Le pitch : Agnes et Nora voient leur père débarquer après de longues années d’absence. Réalisateur de renom, il propose à Nora, comédienne de théâtre, de jouer dans son prochain film, mais celle-ci refuse avec défiance. Il propose alors le rôle à une jeune star hollywoodienne, ravivant des souvenirs de famille douloureux.
Grand Prix controversé au Festival de Cannes 2025, Valeur Sentimentale de Joachim Trier (Back Home, Thelma, Julie (En 12 Chapitres)…) est un drame familial où la réunion de deux sœurs avec un père absent depuis des années cristallise ressentiments et non-dits. Si la mise en scène est proche de la maestria, la promesse de profondeur psychologique se heurte à un récit parfois longuet et attendu. Après un Julie (En 12 chapitres) certes dramatiques mais tout de même plus lumineux, Valeur Sentimentale propose un drame plus grave et pesant, préférant également une structure plus linéaire et classique, agrémentée de quelques souvenirs nébuleux.

Avec ce film, Joachim Trier se penche sur les strates de relations complexes, entre une sœur comédienne rejetant son père cinéaste et une autre plus apaisée qui tente de composer avec une vie domestique ordinaire. L’histoire, classique dans son opposition père égoïste vs fille en mal d’amour, prend toute son ampleur lorsque le cinéaste, refusant le refus de sa fille, décide de modeler une jeune star hollywoodienne à son image. C’est un ressort dramatique intéressant, mais le reste du récit peine à surprendre : les dialogues et les non-dits s’étirent sur deux bonnes heures sans apporter de révélations vraiment inédites sur la psyché des personnages.

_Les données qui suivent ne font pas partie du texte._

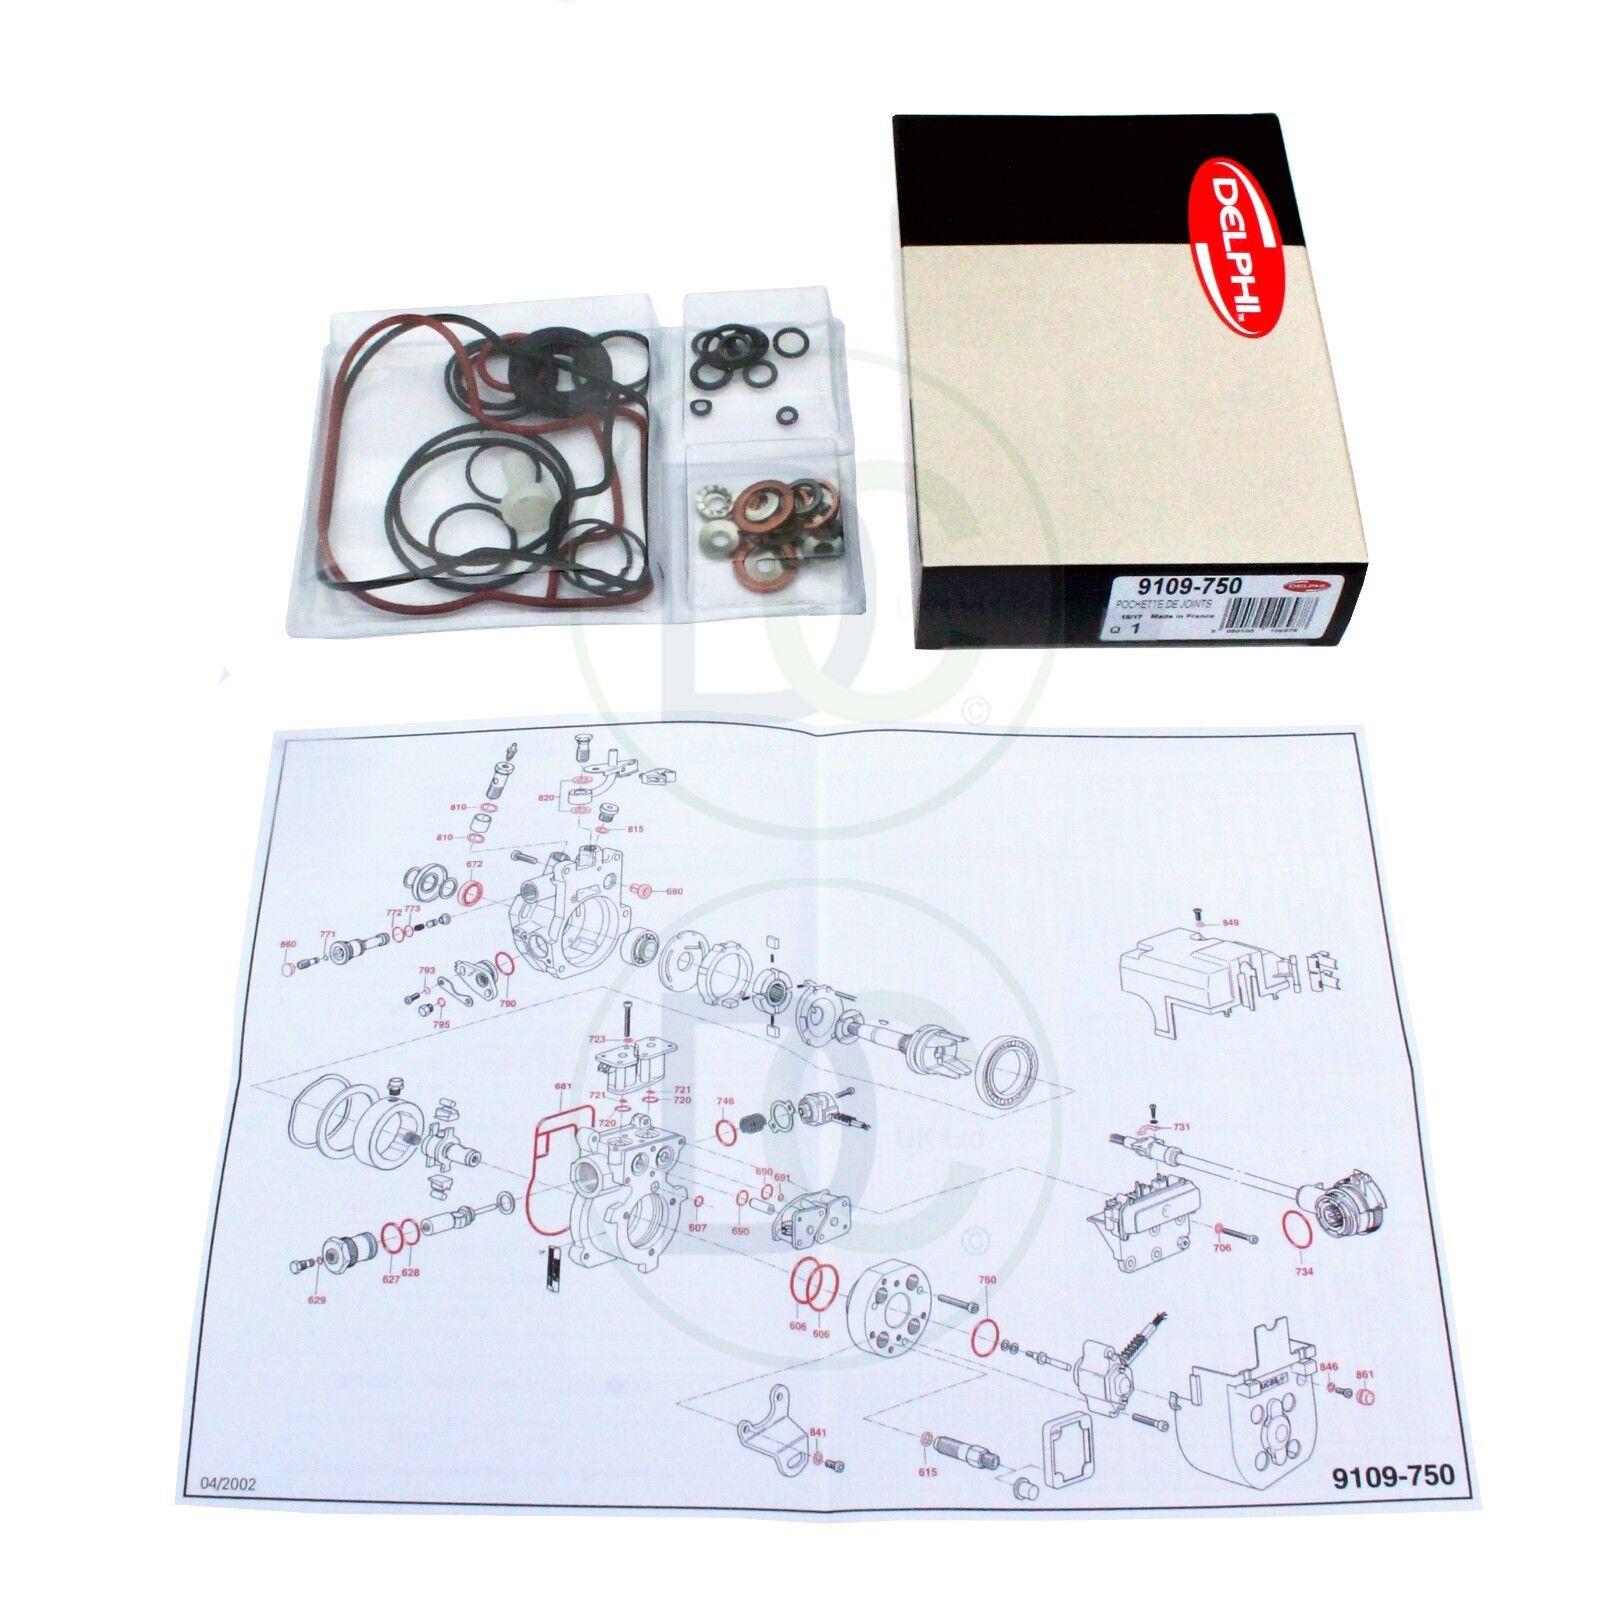 Gasket Kit for CAV Delphi Lucas-Epic-Diesel injection pump en Mercedes...
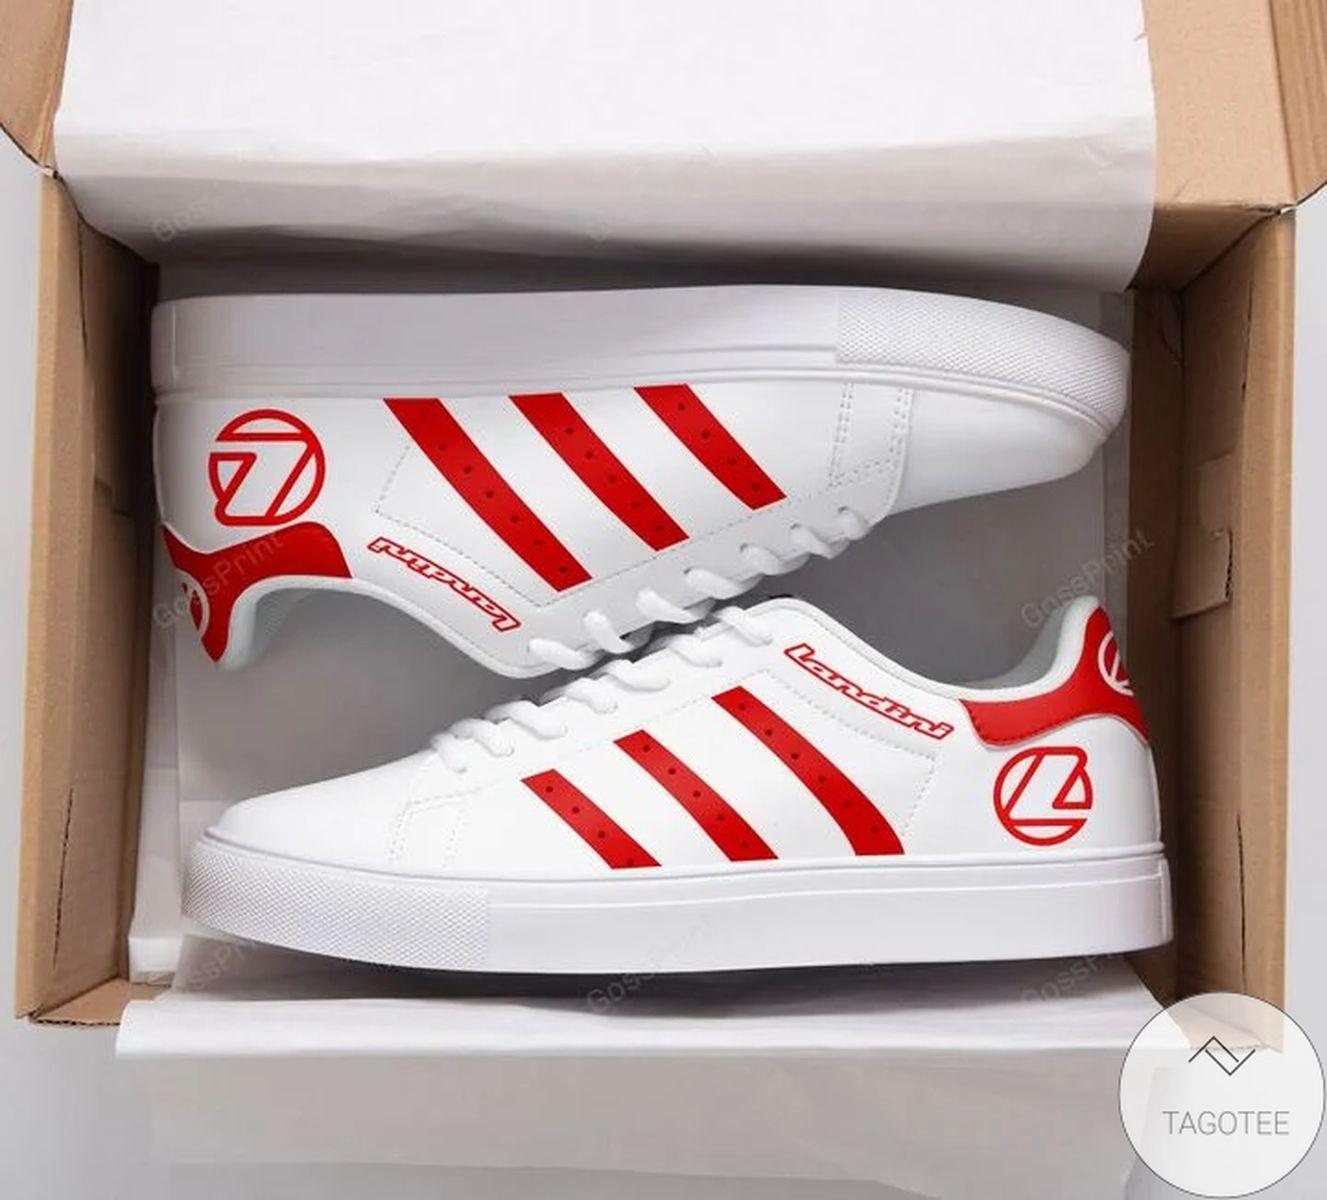 Landini Stan Smith Shoes

Là où Julie (En 12 chapitres) célébrait la vitalité et la complexité de l’individu dans sa quête de sens, Valeur Sentimentale enferme ses personnages dans un héritage familial lourd et répétitif. Pourtant, les deux films se répondent presque comme le jour et la nuit : l’un brille par son audace narrative et sa photographie lumineuse, l’autre par sa mise en scène élégante, mais plus pesante, à l’esthétique plus diaphane.

Car en effet, c’est dans sa mise en scène que Joachim Trier fait preuve d’un talent indéniable. La maison familiale devient le témoin omniprésent et silencieux des traumas transgénérationnels : elle conserve la mémoire des blessures et des moments heureux ou douloureux, et sert de pivot visuel au récit. C’est là que le film gagne son souffle et son envergure, offrant des plans plus parlants que certains mots et qui restent en tête bien au-delà de la salle de cinéma.

Malgré tout, Valeur Sentimentale arrive presque à chasser l’ennui grâce à aux talents esthétiques et techniques du réalisateur, le pendant dramatique du récit peine à émouvoir. Les amateurs de Joachim Trier et les cinéphiles sensibles à la puissance des cadres et à la direction d’acteurs trouveront probablement leur compte, tandis que ceux qui cherchent une dissection psychologique originale devront composer avec une certaine longueur et des effets dramatiques prévisibles.

Au casting : Joachim Trier retrouve Renate Reinsve (Julie (En 12 Chapitres), Présumé Innocent, A Different Man…) dans le rôle principale, livrant une facette diamétralement opposée à son film précédent, face à un Stellan Skarsgård (Dune : Deuxième Partie, Thor: Love and Thunder, Andor…) obsessionnel et froid. À l’affiche également, Elle Fanning (The Great, Un Parfait Inconnu…), Inga Ibsdotter Lilleaas (A Beautiful Life…), Anders Danielsen Lie (Mothers’ Instinct, Personal Shopper…) ou encore Jesper Christensen (Spectre, Melancholia…) dans un ensemble relativement dépouillé.
En conclusion, Valeur Sentimentale séduit par sa mise en scène habitée mais s’enlise dans un drame familial trop balisé. Joachim Trier livre un film élégant, certes, mais qui peine à dépasser la technicité et l’impact implicite de ses images. À tenter.